**Description of the task**
From the line below that contains "Kui auto on" to the line that contains "Susanne Deinzer Style | Hair & Make-up", repeat every line exactly, both ends included, and nothing else.

**Records for this task**

· · · · ·

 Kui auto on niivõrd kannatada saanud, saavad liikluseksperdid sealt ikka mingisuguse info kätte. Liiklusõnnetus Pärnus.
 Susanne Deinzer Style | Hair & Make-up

· · · · ·

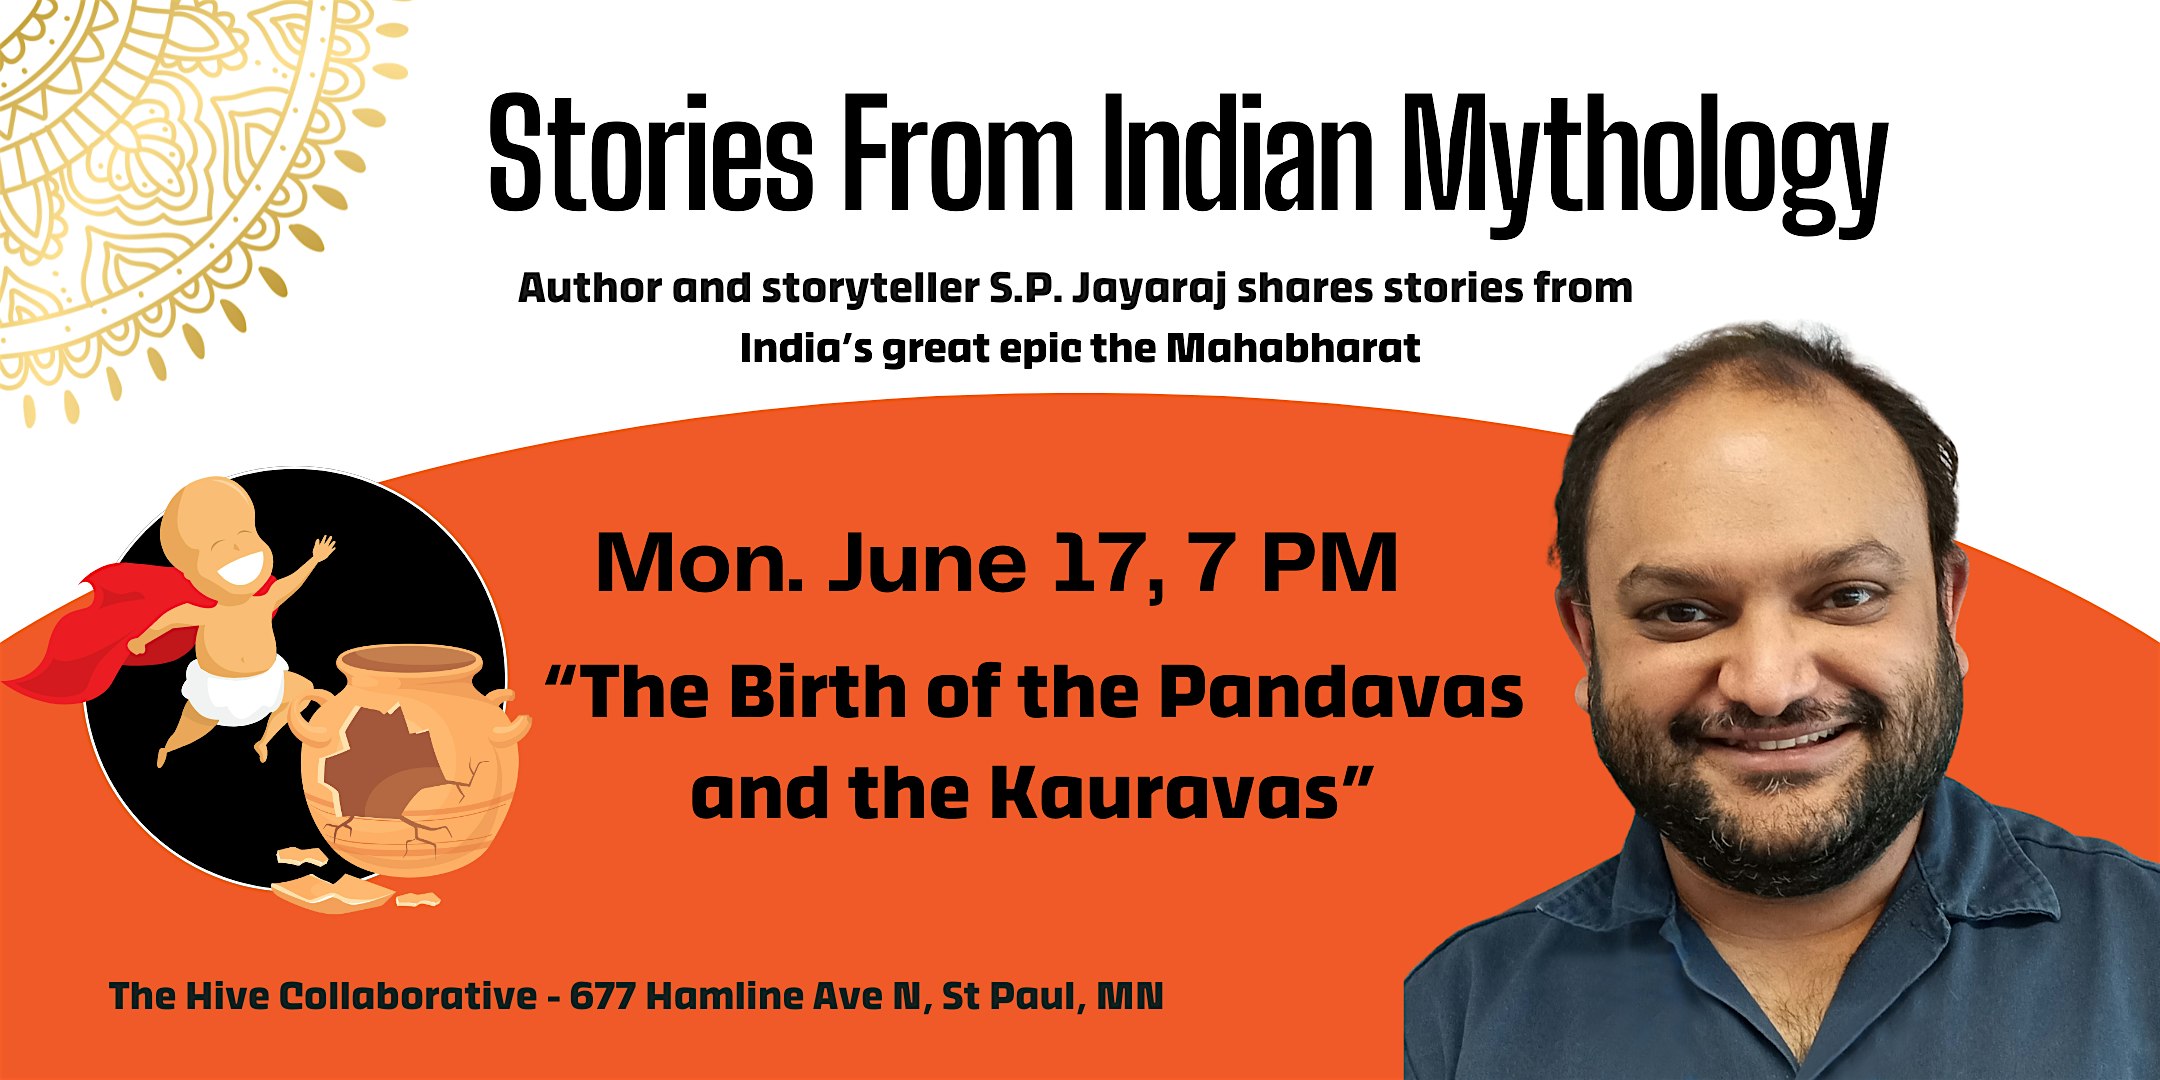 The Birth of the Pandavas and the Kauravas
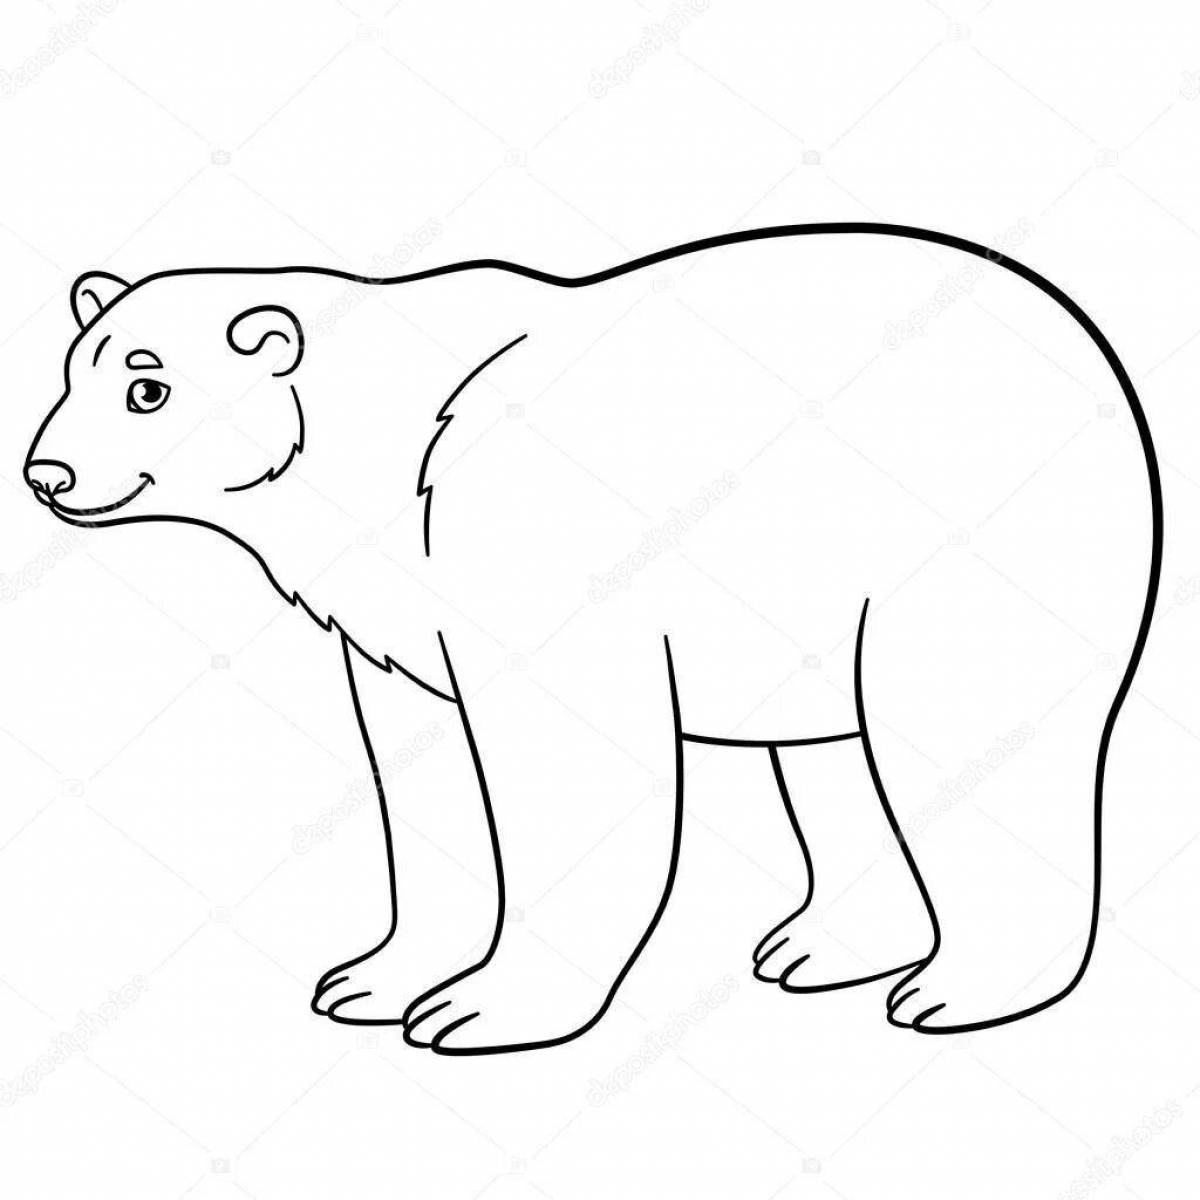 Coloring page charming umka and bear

· · · · ·

**Exercise result**
 Kui auto on niivõrd kannatada saanud, saavad liikluseksperdid sealt ikka mingisuguse info kätte. Liiklusõnnetus Pärnus.
 Susanne Deinzer Style | Hair & Make-up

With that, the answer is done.